• PROBLEM STATEMENT
Reproduce, from the lines below, exactly the stretch that begins at the line containing "Mutter und Kind mit einer Rose" and ends at the line containing "Der Künstler dieses", both included.

• DATA FOR REVIEW
* * * * * * * * *
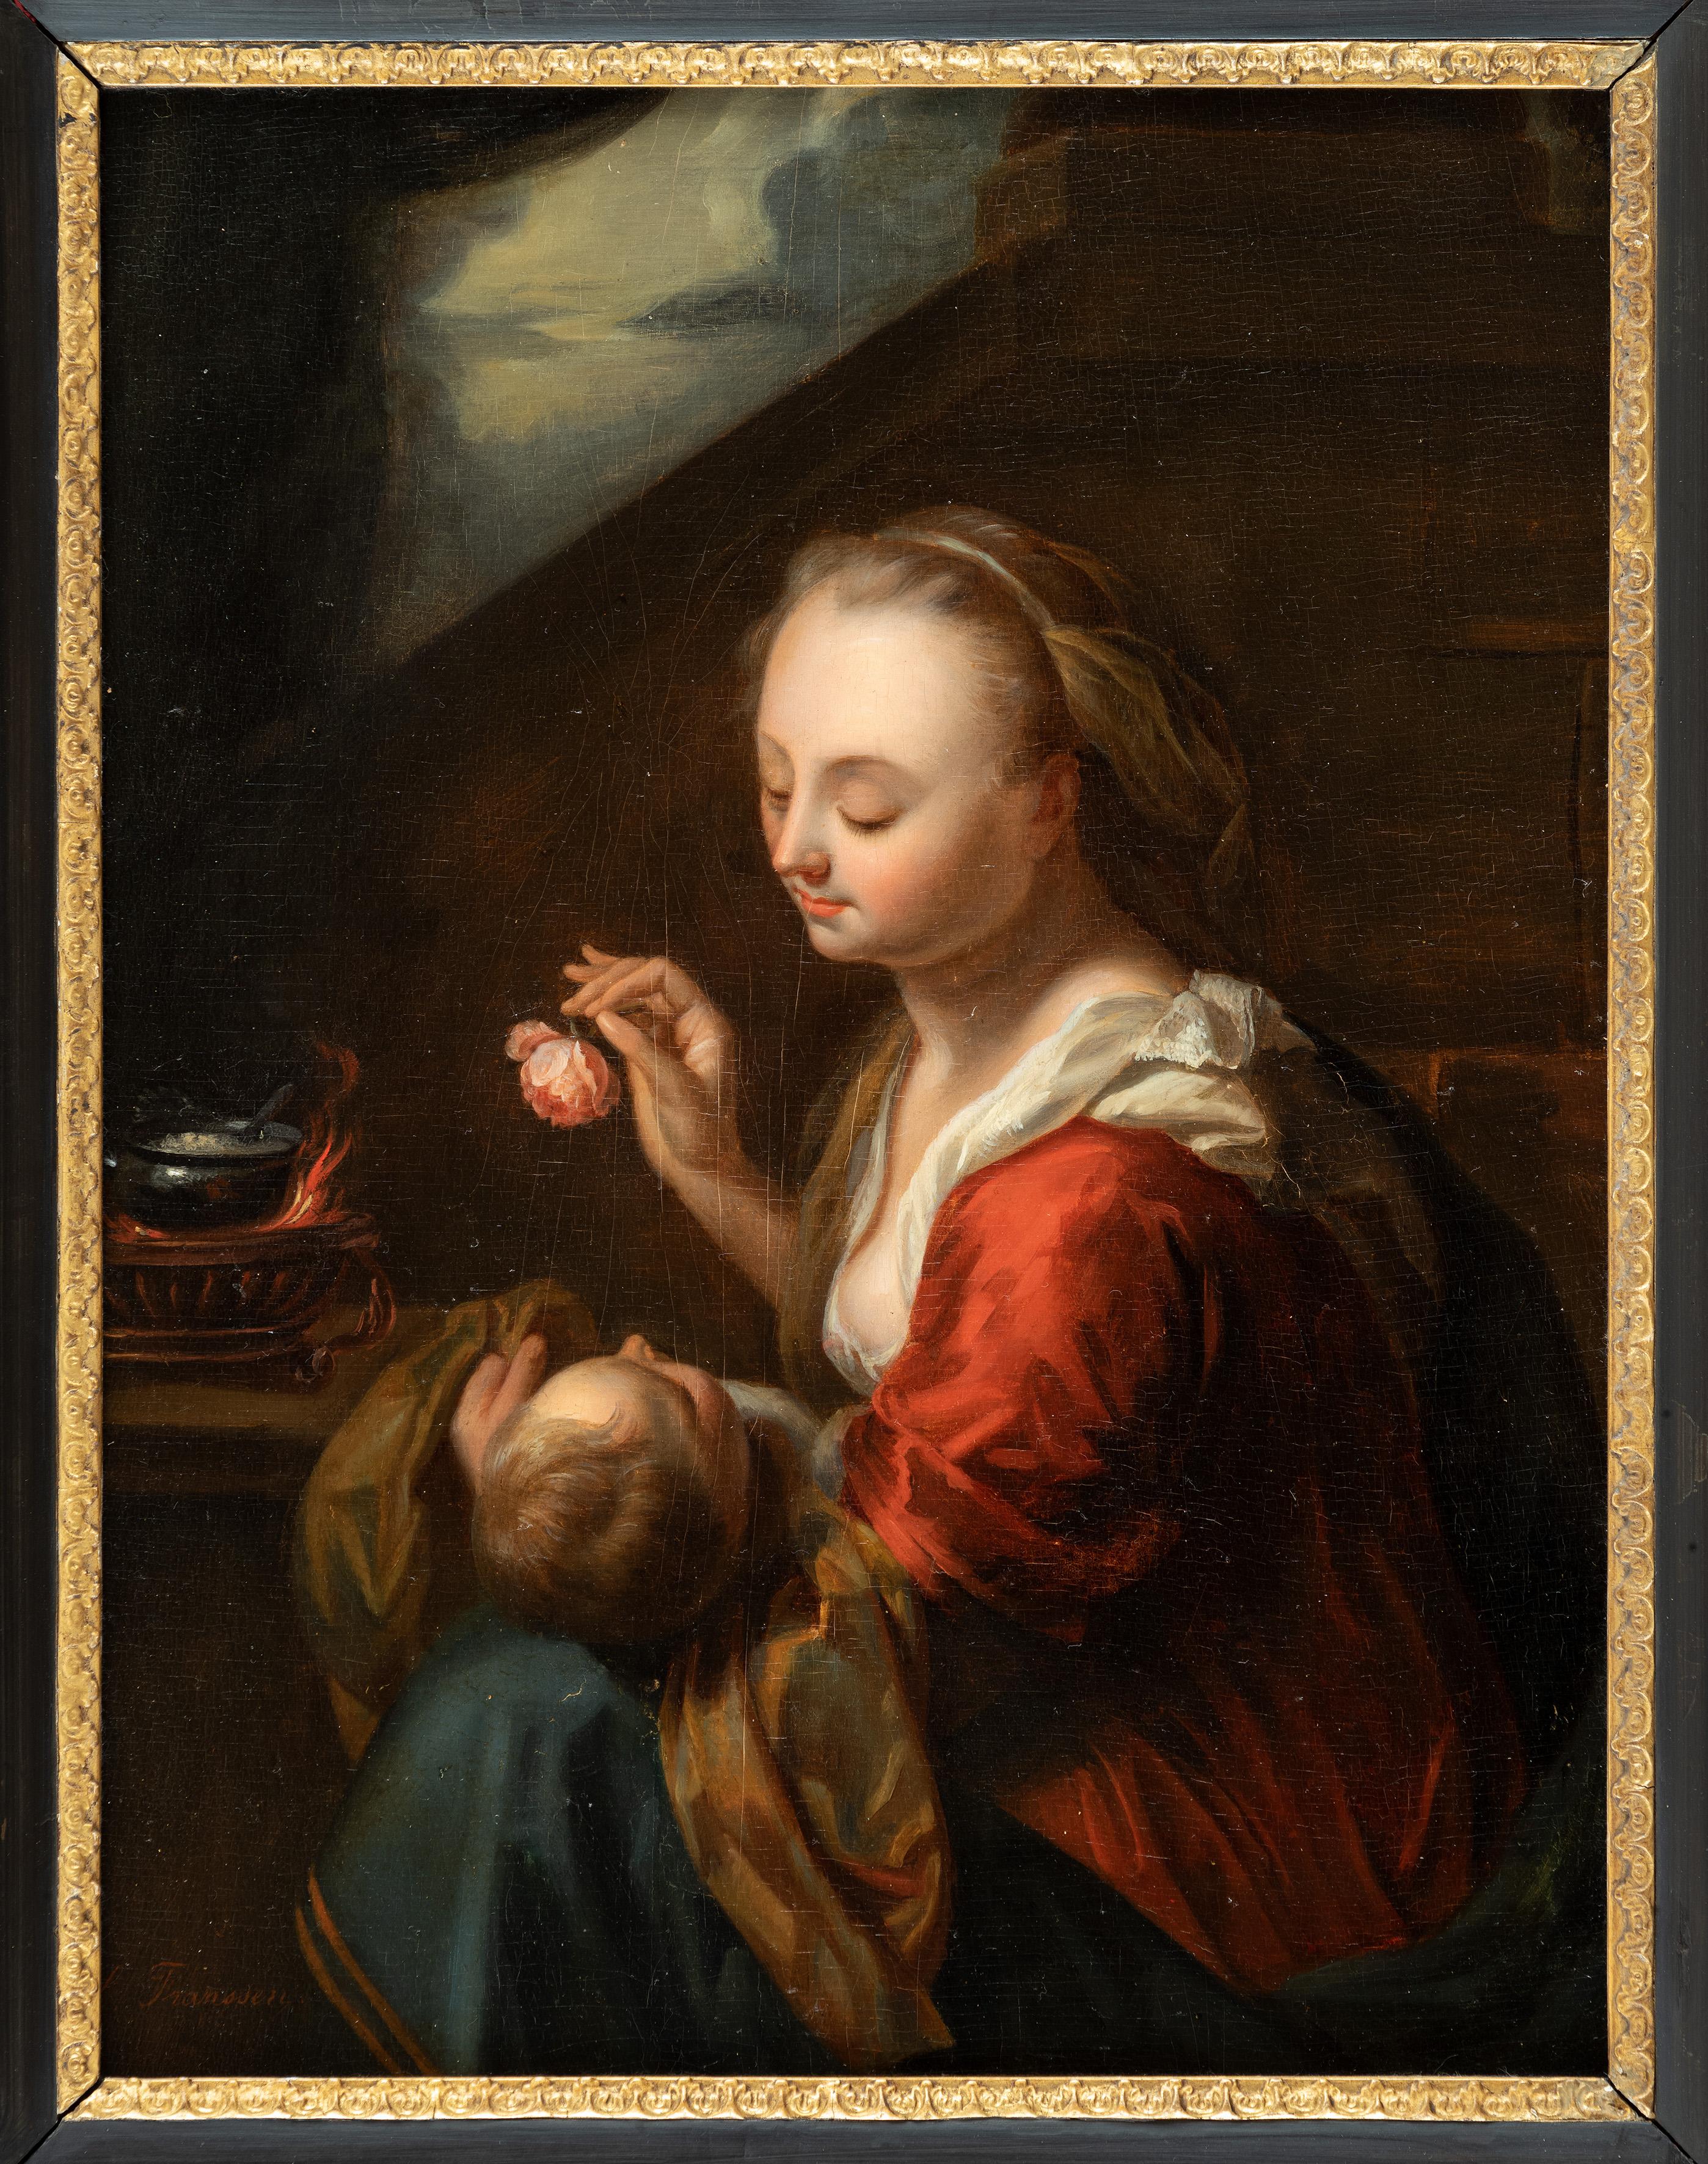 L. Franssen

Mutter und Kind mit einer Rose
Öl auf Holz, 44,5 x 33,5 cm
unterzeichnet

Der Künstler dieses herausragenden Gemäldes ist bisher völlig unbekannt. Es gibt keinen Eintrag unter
* * * * * * * * *
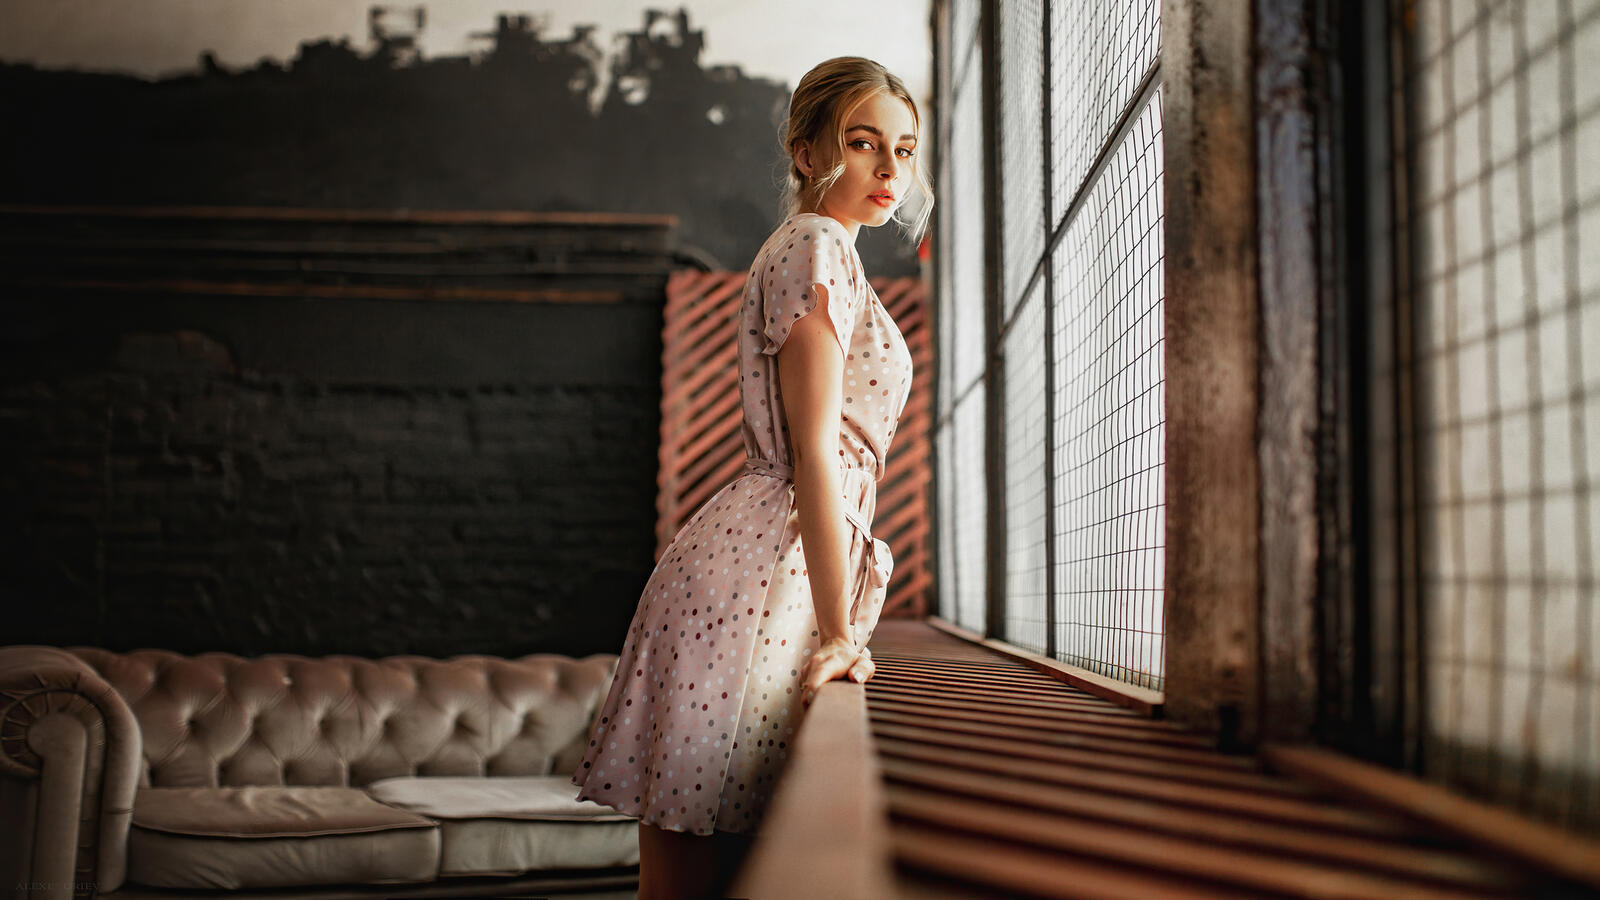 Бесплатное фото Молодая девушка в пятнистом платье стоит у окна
* * * * * * * * *
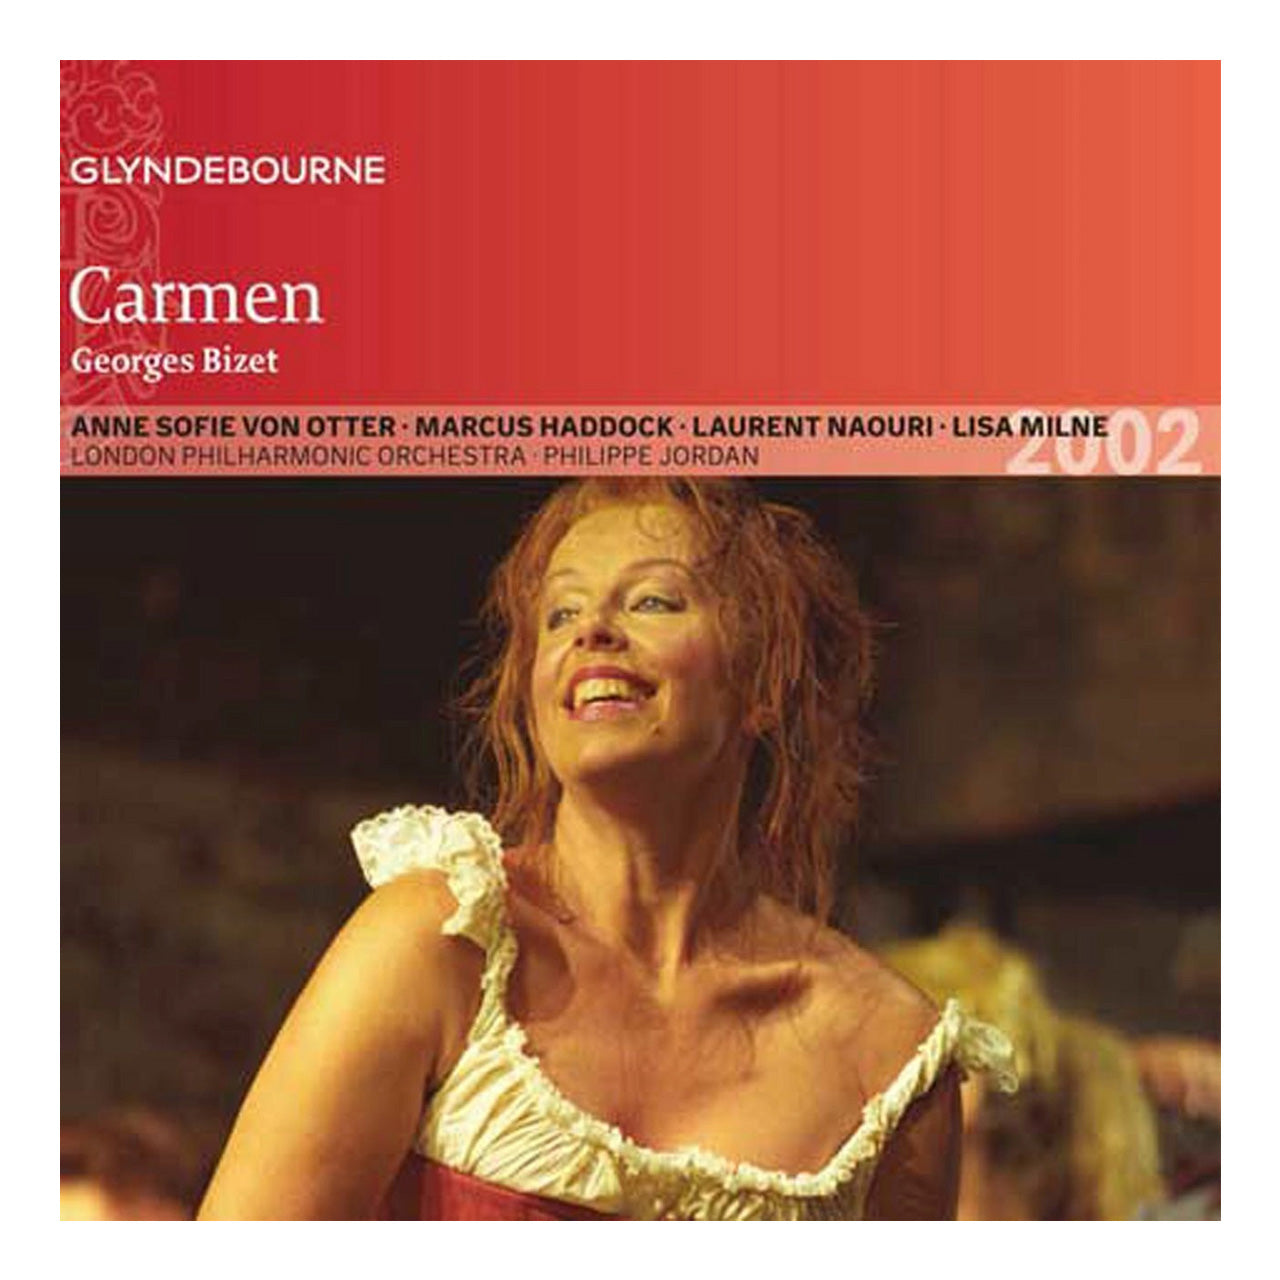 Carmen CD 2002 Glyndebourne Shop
* * * * * * * * *
• EXERCISE OUTPUT
Mutter und Kind mit einer Rose
Öl auf Holz, 44,5 x 33,5 cm
unterzeichnet

Der Künstler dieses herausragenden Gemäldes ist bisher völlig unbekannt. Es gibt keinen Eintrag unter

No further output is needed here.